Mack Coleman

Personal information
- Born: July 18, 1952 Flora, Mississippi, U.S.
- Died: June 12, 1977 (aged 24) Houston, Texas, U.S.
- Listed height: 6 ft 9 in (2.06 m)
- Listed weight: 195 lb (88 kg)

Career information
- High school: E. Flora (Flora, Mississippi)
- College: Utica JC (1971–1972); Houston Baptist (1972–1975);
- NBA draft: 1975: 4th round, 55th overall pick
- Drafted by: New Orleans Jazz
- Playing career: 1976–1977
- Position: Forward
- Stats at Basketball Reference

= Mack Coleman =

American basketball player

Mack Coleman (July 18, 1952 – June 12, 1977) was an American professional basketball player. He played college basketball for the Houston Baptist Huskies and was selected in the 1975 NBA draft by the New Orleans Jazz. Coleman played professionally in France during the 1976–77 season. He died from a double coronary occlusion in a Houston jail after he had been arrested on an intoxication charge.

==Early life==
Coleman was raised in Flora, Mississippi, as the younger brother of E.C. Coleman. He did not play basketball in high school; E.C. claimed that it was because of a feud with the team's coach. Coleman admitted that he "messed around in high school" and only got by because he was E.C.'s brother.

==College career==
After spending a season at Utica Junior College in Utica, Mississippi, Coleman played with E.C. — now the star player for the Houston Baptist Huskies — in a gym at the Houston Baptist University campus and caught the eye of the team's coaches. He transferred to Houston Baptist as a sophomore in 1972 where he was partnered with E.C. for his senior season. Coleman played for the Huskies from 1972 to 1975. He almost missed his senior season because of eligibility problems but managed to improve his academics. Coleman averaged 22.3 points and 13.2 rebounds per game during his senior season.

==Professional career==
Coleman was selected in the 1975 NBA draft by the New Orleans Jazz where his brother played. He was also selected by the San Diego Conquistadors in the eighth round of the 1975 ABA draft. Coleman attended rookie tryout camp with the Jazz in July, and signed in September but never played in a game for them.

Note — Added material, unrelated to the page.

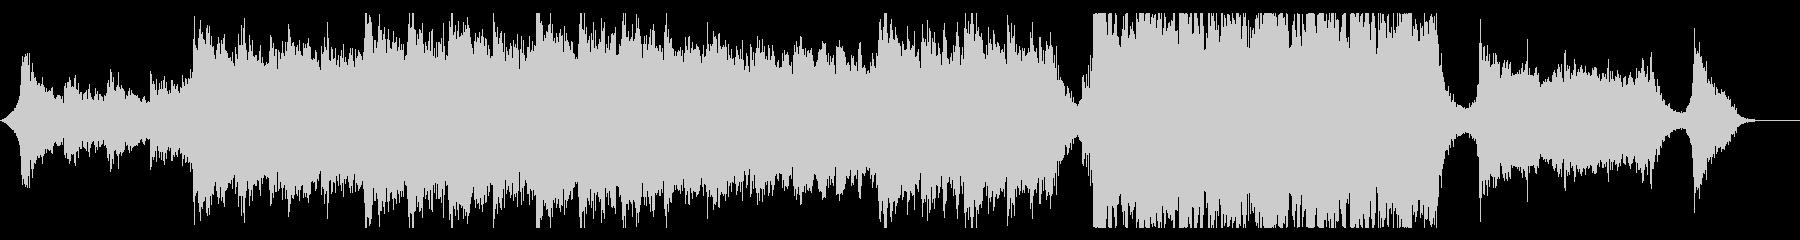 ハリウッド風壮大オーケストラ8B金管抜きの未再生の波形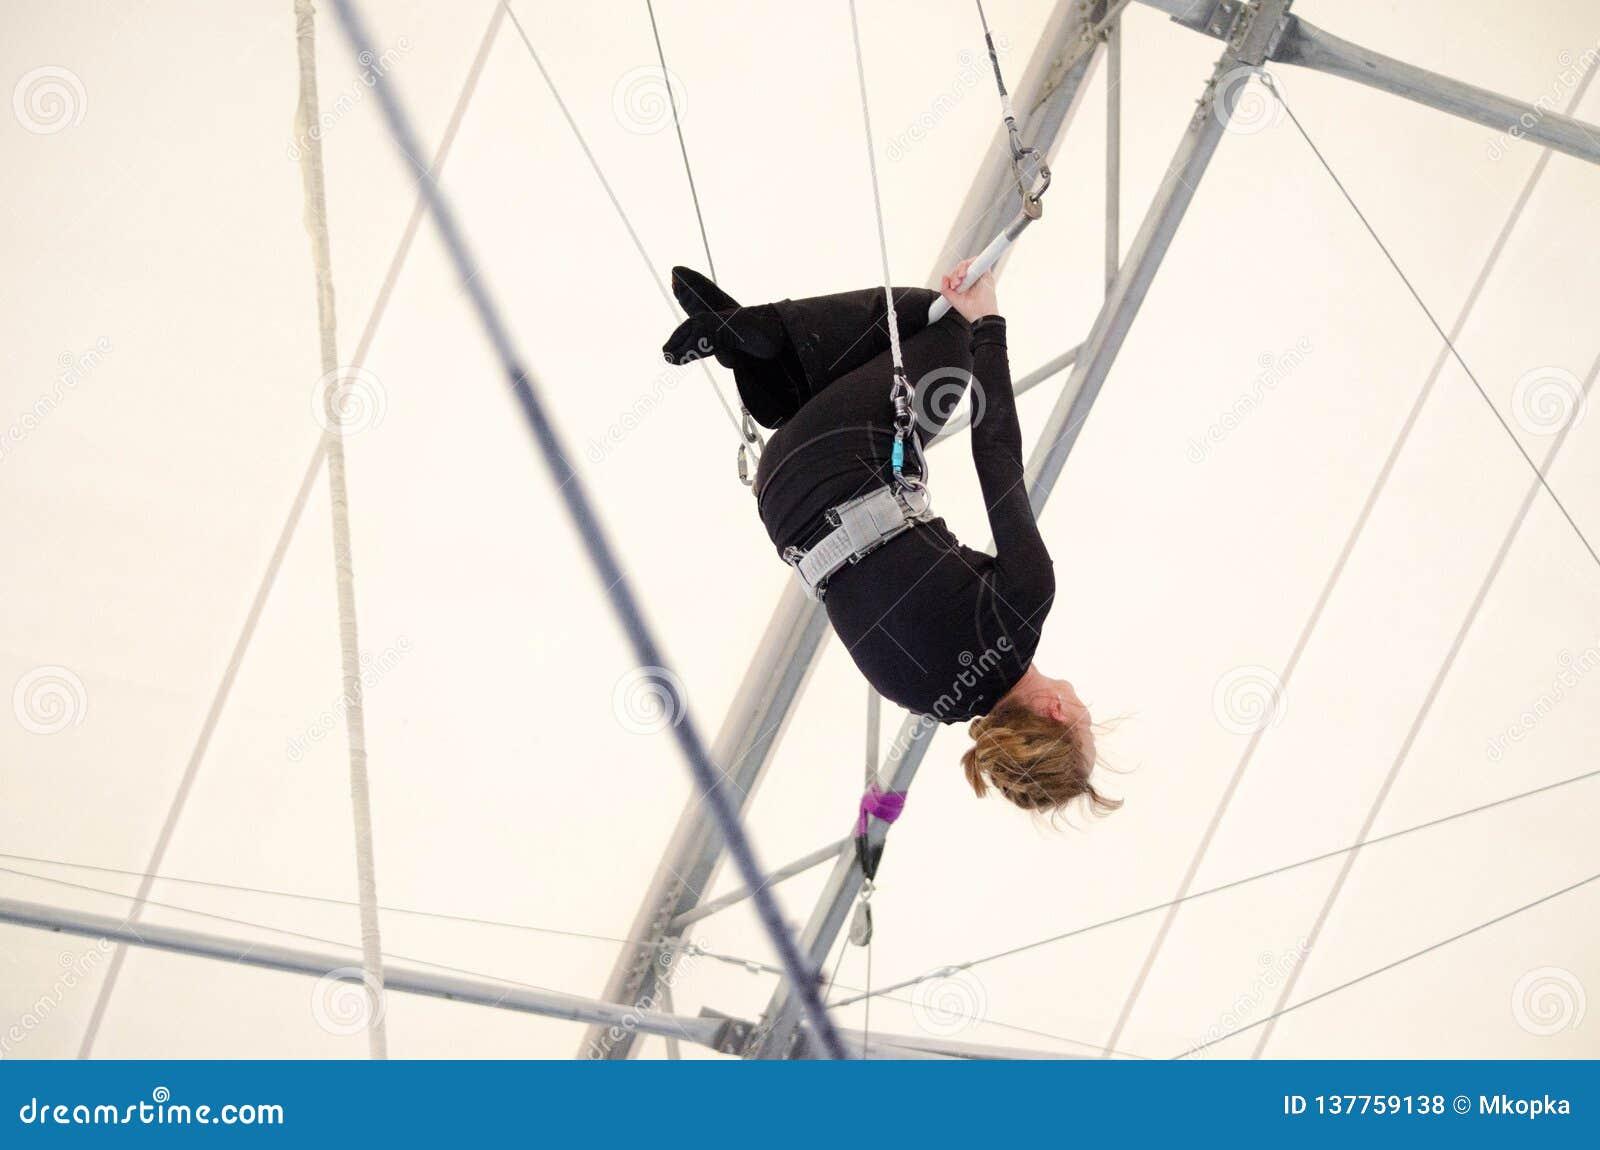 Eine erwachsene Frau hängt an einem fliegenden Trapez an einer Innenturnhalle Die Frau ist ein Amateurtrapezkünstler

Coleman played professionally for a team in Calais, France, during the 1976–77 season. He planned to sign a three-year contract with the team when he returned to Houston in June 1977.

==Death==
On the night of June 11, 1977, Coleman was located by police acting erratically atop a Houston building and made threats that he would jump. He was arrested on a charge of public intoxication. Two hours later, at 1:30 a.m. the following morning, Coleman died in custody at the Houston Central Police Station. Harris County medical examiners listed Coleman's cause of death as a double coronary occlusion from an enlarged heart and extensive arteriosclerosis. The medical examiner concluded that Coleman was not drunk and was instead likely experiencing an anoxic spell caused by his heart disease. Coleman's conditions were hereditary and his brother was advised to see a doctor.

E.C. said that he "loved [Coleman] more than anything in the world." After learning of the news, E.C. lost substantial weight when he fell behind in a physical fitness program and later admitted it "took [him] a while to get [himself] together—mentally and physically." On Coleman's death, E.C. stated in an interview: "I don't think I'll ever get over it."